Même l’avertissement de la campagne de Pologne a été pris à la légère. Pourtant, la guerre faite là-bas par l’Allemagne était riche d’enseignements et le 2ème bureau en avait suivi de près le déroulement. Ses conclusions auraient dû inciter l’armée française à s’intéresser à l’utilisation massive et concomitante du char et de l’avion. Mais le haut commandement a cru bon de demeurer dans la conception défensive imposée par la ligne Maginot. Une brochure décrivait les procédés tactiques ayant facilité la victoire allemande en Pologne. Distribuée au début d’octobre 1939, elle fut accueillie avec scepticisme.
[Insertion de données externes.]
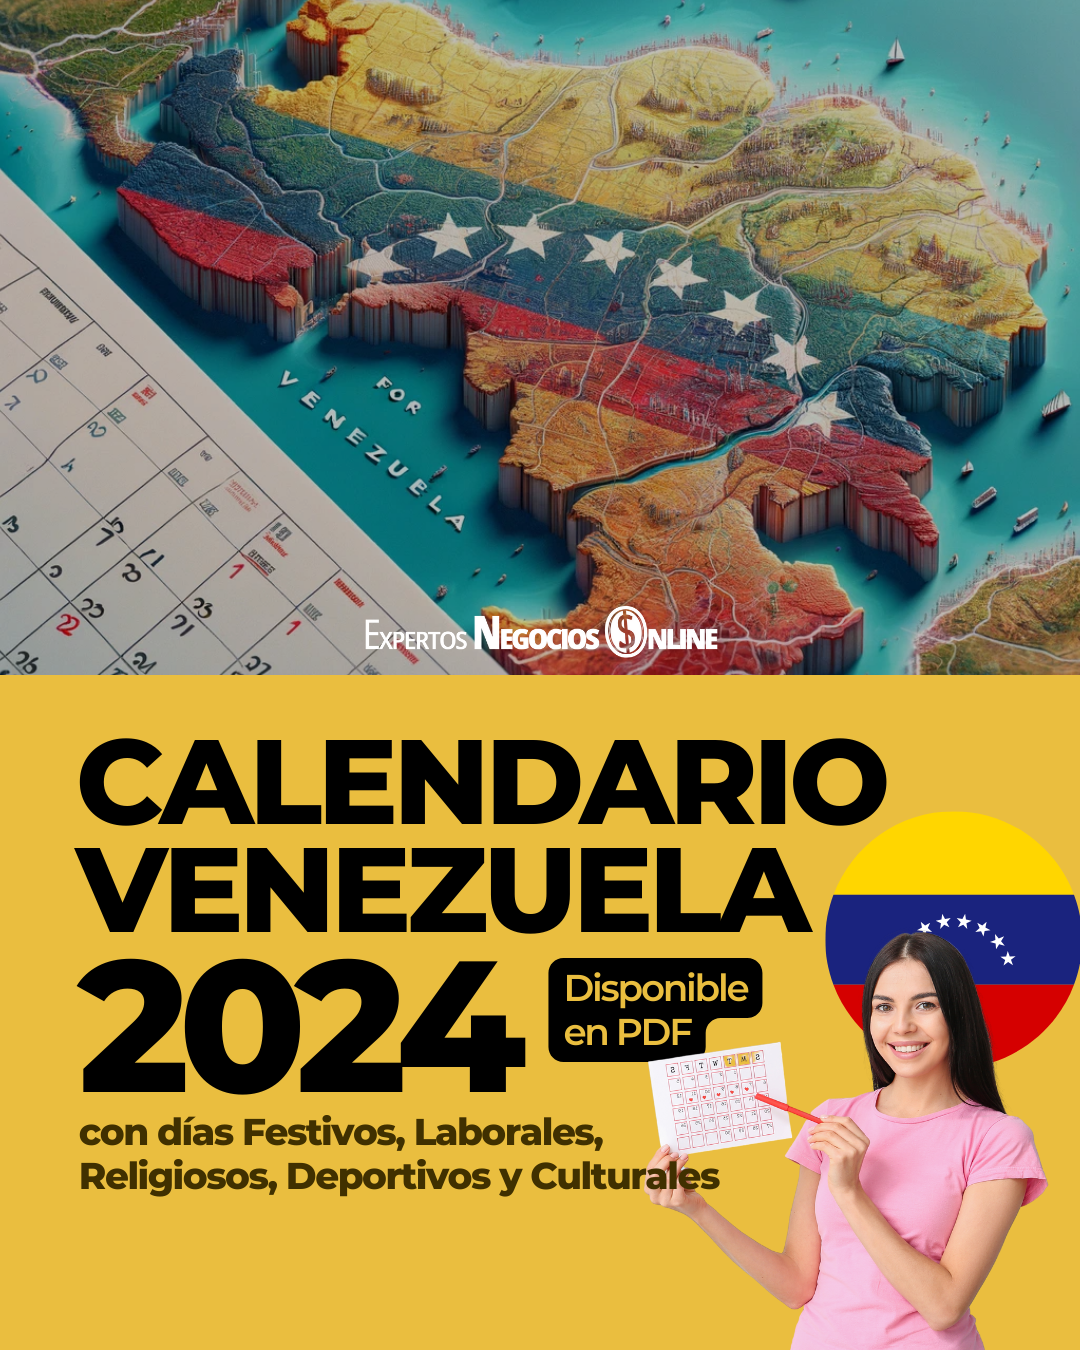 Calendario comercial Venezuela 2024 con feriados y fechas importantes para Marketing

La réponse du commandement français à ce que le SR affirmait être l’enseignement majeur de la campagne de Pologne, c’est-à-dire qu’il y avait certainement une conception tactique à rénover, a été de dire : « La France n’est pas la Pologne : il est hors de question de faire la guerre à l’Ouest comme à l’Est ! ».  
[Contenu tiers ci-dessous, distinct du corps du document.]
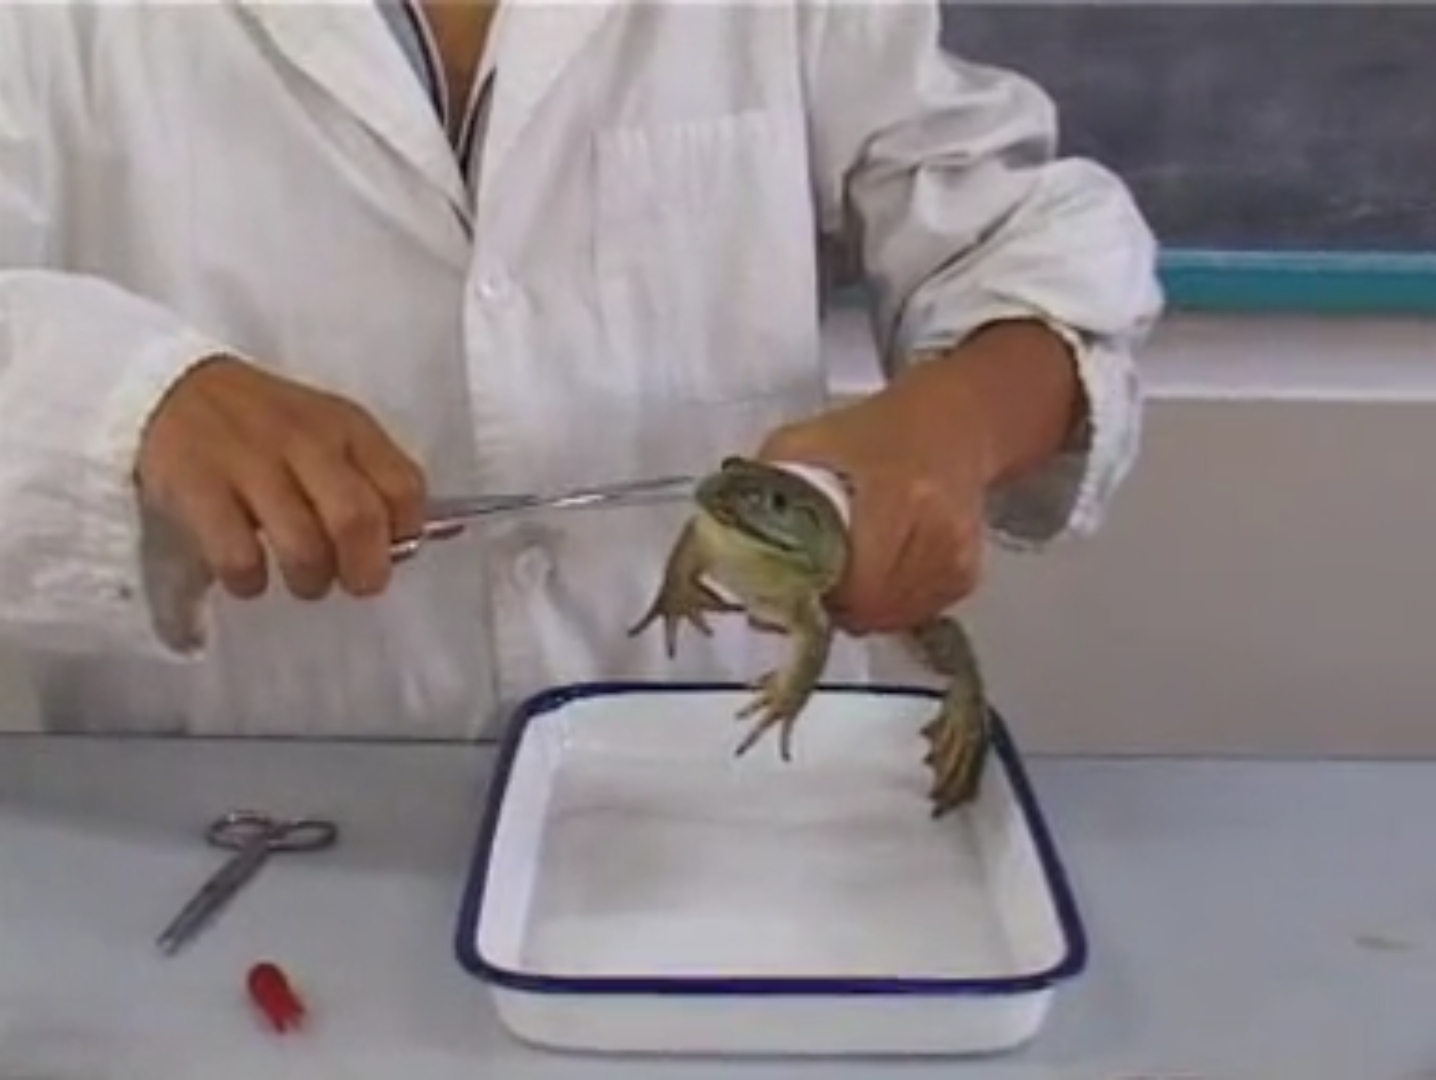 蛙的屈反射反射弧图解-图库-五毛网

Après le dédain des réflexions du 2ème bureau pointant une évolution dans l’art de la guerre outre-Rhin, il y a l’hypothèse « Ardennes », qui certes occupait l’esprit de l’état-major français, mais que le cartésianisme de Gamelin tendait à repousser. En 1938, un exercice, prévoyant une « attaque brusquée » de la 2ème Armée française par des forces blindées, avait pourtant suggéré que cette dernière serait enfoncée, avant même que les réserves soient arrivées pour colmater la brèche. Gamelin avait jugé le résultat de l’exercice peu réaliste, critiquant notamment le rythme de progression rapide attribué au parti adverse lors de la phase d’exploitation. Depuis lors, l’état-major s’était convaincu que si les Allemands attaquaient à cet endroit, il ne pourrait s’agir que d’une tentative de diversion, compte tenu de l’extrême difficulté à s’affranchir de l’obstacle naturel constitué par le massif ardennais.

12 Mai 1940, blindé allemand traversant la forêt ardennaise : c’était invraisemblable, selon l’Etat-Major français.
Photo archives militaires.

Par ailleurs, dans l’esprit des officiers du 3ème bureau (opérations), pour que les Allemands franchissent la Meuse, il faudrait d’abord qu’ils concentrent une artillerie puissante, ce qui laisserait mathématiquement le délai suffisant aux réserves françaises pour contrecarrer leur entreprise. Malheureusement pour les Français, Guderian désobéira à ses supérieurs, se passant d’artillerie et faisant massivement appel à l’aviation d’attaque au sol.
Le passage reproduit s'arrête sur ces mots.